Here's what you need to know to make the most out of getting counseling
People ask me time and again what they should expect in therapy. “Will the therapist have a leather couch that I have to lie on?” “Will they give me sage advice that will change my life?” “Will they tell me that it is all my husband’s fault and I am free of all blame?” In view of questions like these, I thought it would be helpful to address five things that therapists would love for their patients to know before they decide to begin therapy.
1. It is not my job to fix you
So often patients come into the room, tell the therapist what is bothering them, and then sit there stunned when the therapist says that it is not their job to fix the patient. The therapist is there to help guide the patient during this self-transformation and offer support throughout the process of therapy. Coming to a therapist is radically different than going to a physician. We cannot prescribe medication that will take away all your challenges, and sometimes we are unsure of exactly what is going on that is causing the problem.

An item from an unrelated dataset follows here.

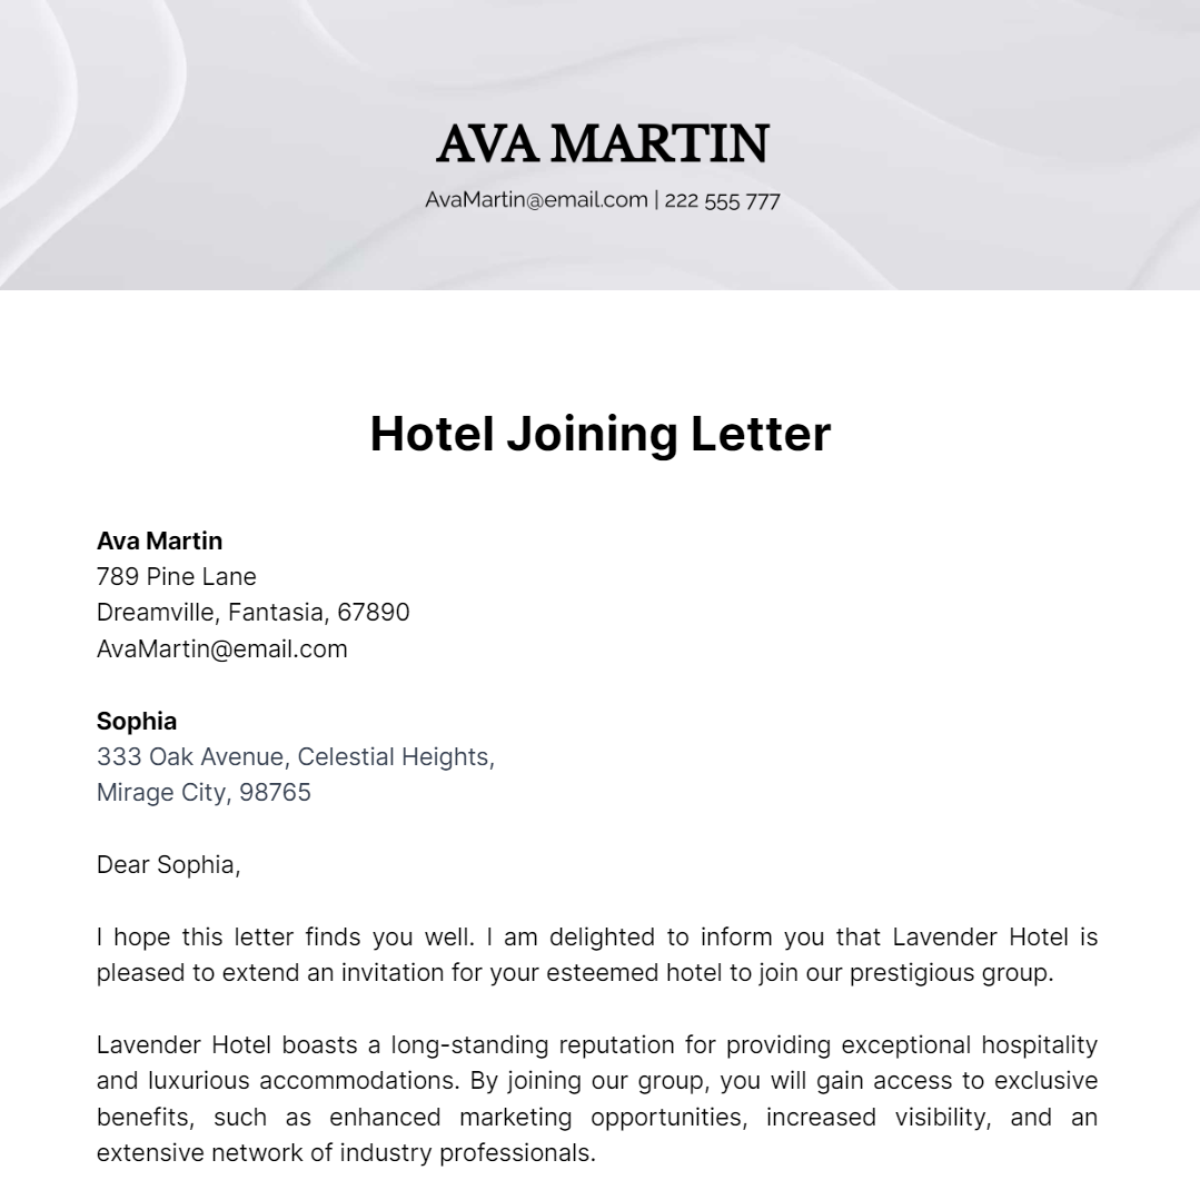 Hotel Joining Letter Template
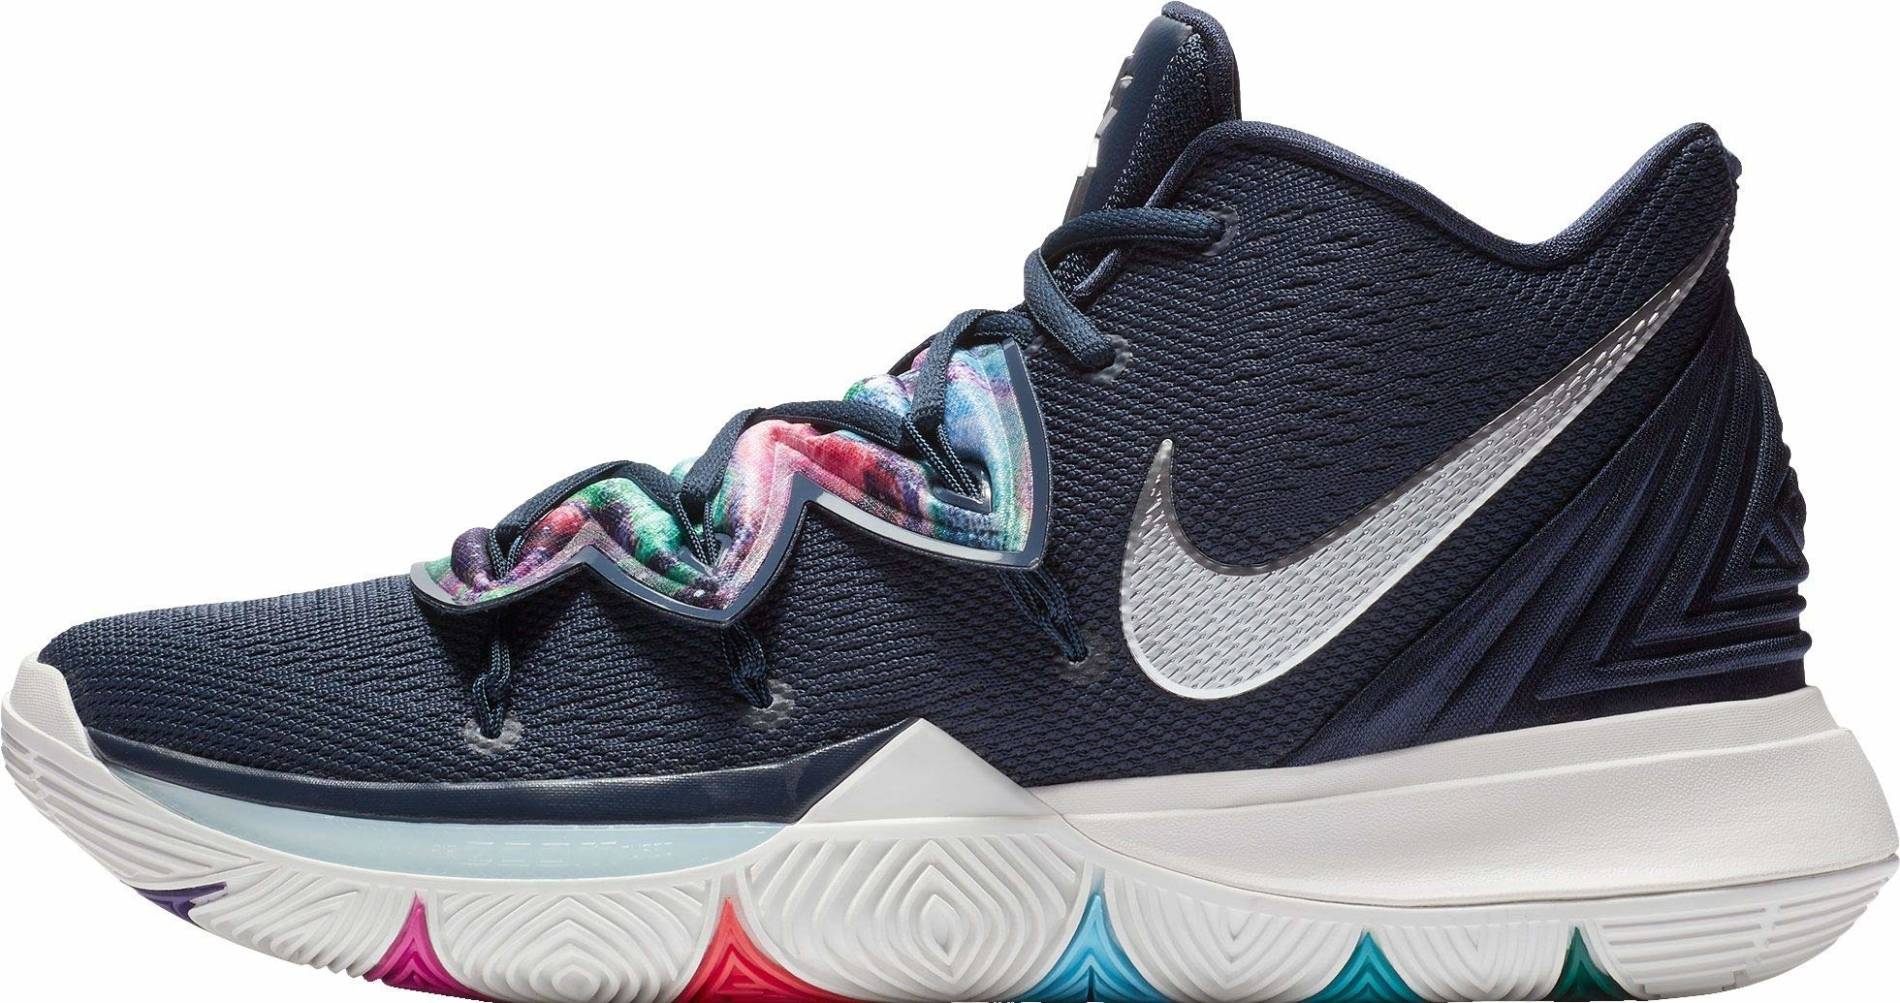 Only $80 + Review of Nike Kyrie 5

Unfortunately, our culture has become programmed to expect a solution to every problem, and a quick remedy to every pain. The master therapists will tell you that they do not seek to alleviate pain immediately since sometimes there is no remedy. At that point, they try to guide their patients to better learn how to cope with situations which may have no solution.
2. I don’t give advice
This point flows nicely with the above one. Many times individuals come into therapy and point blank ask what they should do in such-and-such situation. Patients believe that if only the therapist would just tell them what to do, then all would be well! On the contrary, all would be worse. When the patient seeks the therapist’s advice, they ultimately can wish to hide behind the therapist’s decision and thus be able to either blame the therapist for a situation’s failure or use the therapist’s advice as ammunition when their friends and family confront them about a certain behavior. In either case, the situation is lose-lose and can actually start to build co-dependency within therapy, which is counter-productive to the entire enterprise. Therefore, therapy should focus more on helping the patient see their strengths and ultimately their ability to influence their present and future.
3. Therapy will take more than a month
Yes, there are therapists who claim that they can provide you with the skills you need in a month or two months’ time, but such therapy neglects the deeper issues. In fact, research has consistently indicated that such a style of therapy actually can lead to a relapse in symptoms. Thus, you need to ask yourself just what kind of change you would like to see in your life: permanent or temporary. Research has also indicated that therapy really begins to kick in around six months and then again after a year. After that point, therapy’s effects begin to level off. Much of the length of treatment will depend on the severity of the problem combined with a commitment to change.
4. Be willing to be honest with your therapist, but most importantly with yourself
Therapy becomes useless to patients who are unwilling to be honest with themselves about their situation and honest with the therapist about exactly what is going on in their lives. Unless therapists are able to understand the larger picture, it can be difficult to progress far in the treatment. All therapists, though, understand that it takes time to form a relationship where you feel safe enough to disclose secrets about yourself, but at some point you do need to take a chance and trust the person in front of you. Remember, we are here to help.
5. Therapy does not really begin until you take personal responsibility
Therapists are not in the business of blaming people. I especially find blaming others counterproductive and harmful to the therapeutic process. Granted, patients need to express their anger about injustices done unto them, but that is different from blaming individuals for all of their ills. Instead, it is better to focus on how the patient has arrived here and what he can do to move toward healing. Once again, though, how patients arrived at the therapist’s doorstep is not all their responsibility (e.g. in cases of abuse), but at one point they need to take responsibility for their future along with how they interact with others in their daily lives. Without taking this step, the patient will struggle to see change.
One of my mentors and close friends gave me this image of therapy: therapy is like a football game where I am quarterback/cheerleader and the patient is the running back. I will always call a run play and give them the ball, but then I have to get out of the way so that they can cross the goal line. Therapy is a collaborative endeavor. We as therapists lend our expertise of psychology to our patients, but it is our patient’s obligations to decide that they are willing to do whatever is necessary for them to change. Such a style of therapy is healthy and align with authentic human flourishing since it seeks to help the person realize their capacity for self-determination along with providing them a safe place where they can begin to recognize this capacity.